- Birth name: Zohreh Jooya
- Born: Mashhad, Iran
- Occupation: Singer
- Labels: ARC Music, Koch International Records, Taraneh records
- Website: www.zohreh-jooya.org

= Zohreh Jooya =

Zohreh Jooya (زهره جویا) is a singer from Mashhad, Iran.

==Music career==
Jooya's father was an Afghan (from Herat, Afghanistan) and her mother was an Iranian and they married at a time when it was criminal for an Afghan man to marry an Iranian woman. Zohreh Jooya has been said to have moved to Europe for further advancement into music studies. After earning her classical music education from Amsterdam, she then moved to Vienna in 1980, where she later earned a master's degree in opera at the Conservatoire of the City of Vienna. Both the Oriental, middle eastern and the European worlds influence Jooya.
She has created a new way of interpreting the traditional music of Persia, played on original instruments, and presented on several albums. Koch International has produced Persian Nights and Taraneh Music has made Journey to Persia. Her albums exemplify the beauty of the diverse ethnic music in Iran. Her works with Majid Derakhshani comprise poetry Shamsudin Mohammad Hafez, and Shafii Katkani played on Oriental and European instruments. Published by ARC Music "Music of the Persian Mystics"She also sings mystical songs from the ancient poet Nezami in "Shirin and Farhad", "The Indian Princess" and "Shahresad" with Parviz Mamnun, Professor of Persian literature.

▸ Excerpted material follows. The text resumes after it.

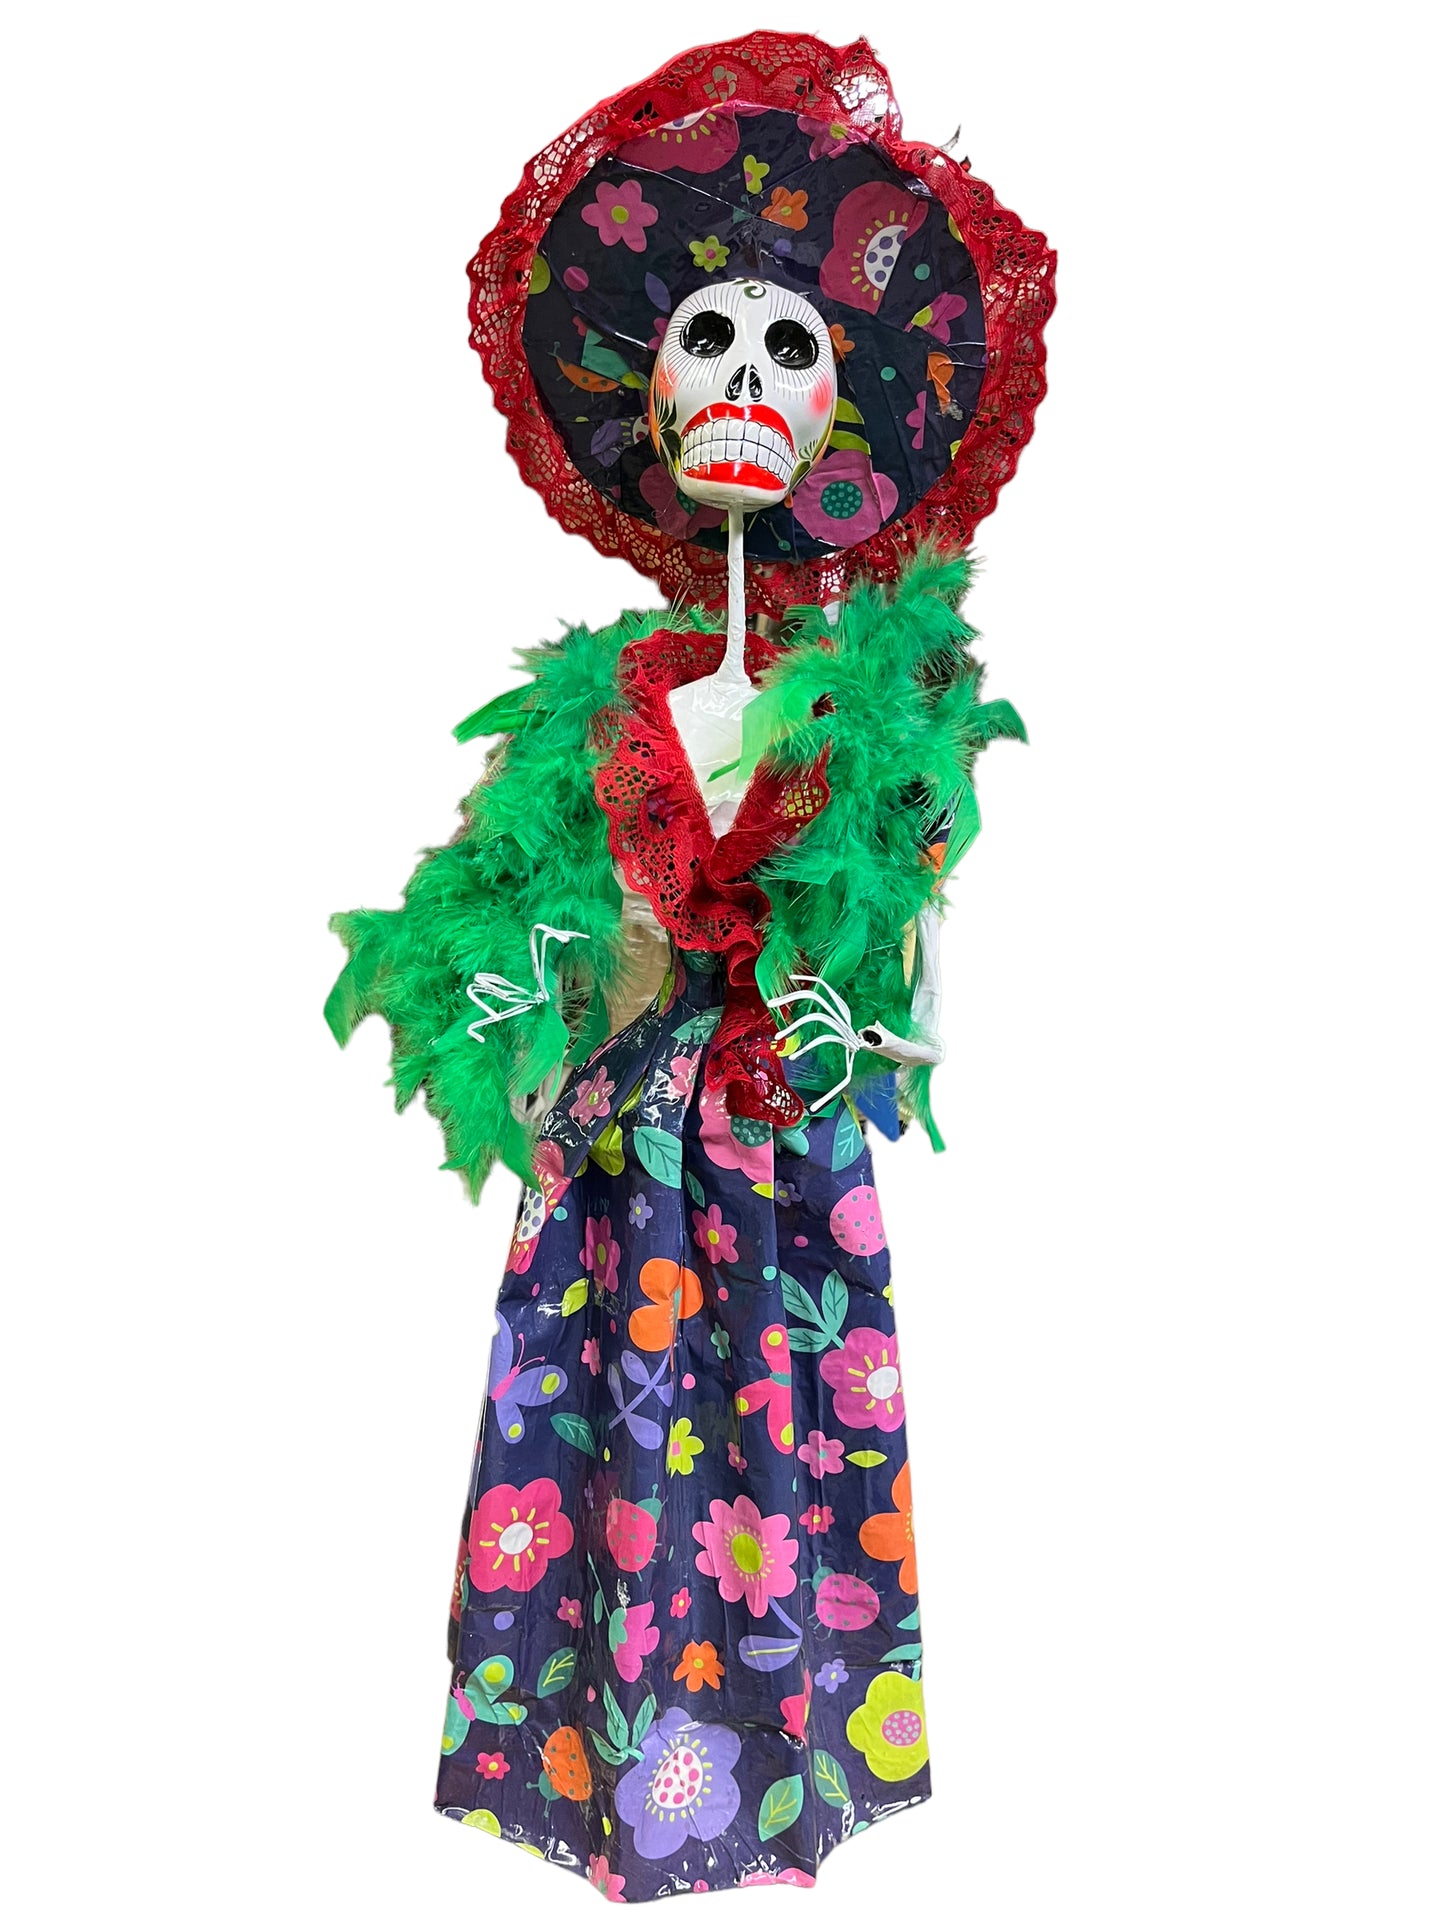 Paper Mache Mexican Catrina Doll three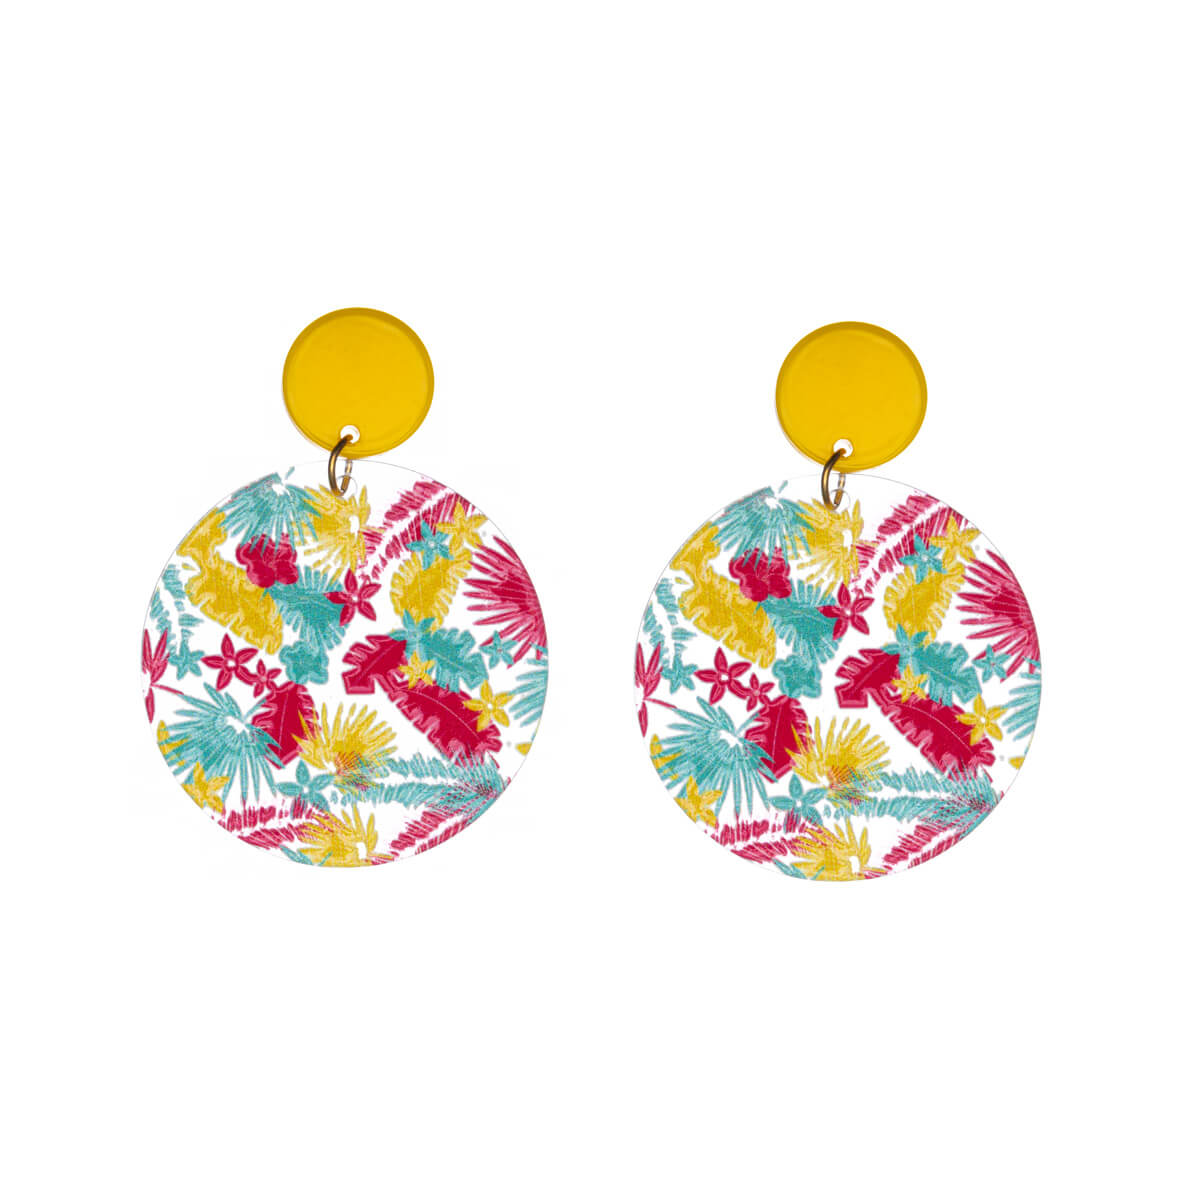 Round tropical earrings

==International approach==
Jooya's music builds bridges between the cultures of Iran, Afghanistan, and the Western world. Her European classical engagements have been, not only in diverse opera performances throughout many European countries but also in the performance of the songs of Mozart, Beethoven and Schubert on television and radio shows. Currently, she performs at concerts throughout Europe covering a broad spectrum and from Italian baroque music to songs of George Gershwin.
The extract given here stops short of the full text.